彬智はニコリと微笑み、隣りの屋敷へと消えていった。



次の土曜日は快晴で、朝から華音や美桜とともに弁当作りに励んだ。車を出し、荷物を載せていると、梢子が頬を染めいそいそとやってきた。

「マリさん、今日は彬智さんが一緒なの。だから、彼の車で行くわね!」

彬智も約束通り梢子と仲直りしたようだ。父親が同行することで彬従は渋い顔をしていたが、華音に宥められ機嫌を戻していた。

球技場には多くの保護者たちが詰めかけていた。茉莉花はいつものように恭弥や彩乃と並んで観戦した。普段はママ友と観戦する梢子が前の列で夫にしなだれ掛かる様子が目に入る。
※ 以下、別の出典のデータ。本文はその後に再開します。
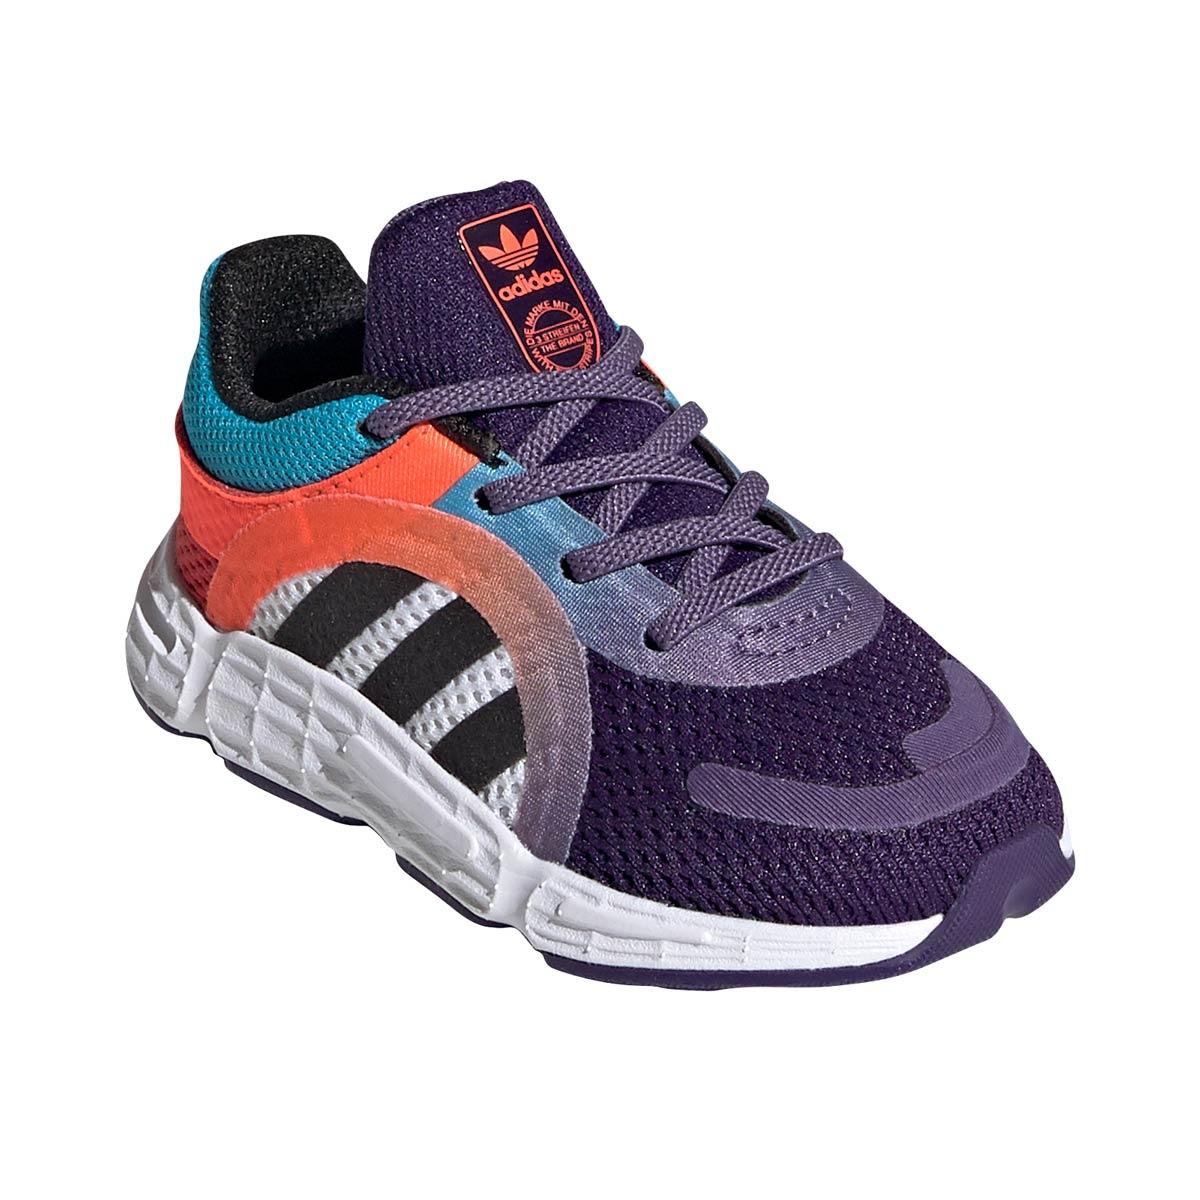 Tenis-Infantil-Adidas-Soko-C--20-ao-25-FW8046--4Q20-

思わず横を向き、華音が青ざめた顔色でいるのに気が付いた。

「どうしたの?どこか痛い?」

「お母さん……お腹が……」

華音はそう言ったきり、茉莉花の膝にしがみついた。

「華音、大丈夫、華音!?」

茉莉花は慌てて娘の背中を摩った。娘の太ももを流れるあり得ない出血に、彼女は怯えた。

「病院に連れて行こう!」

彬智が華音を横抱きにして先を急ぐ。茉莉花も慌てて後を追った。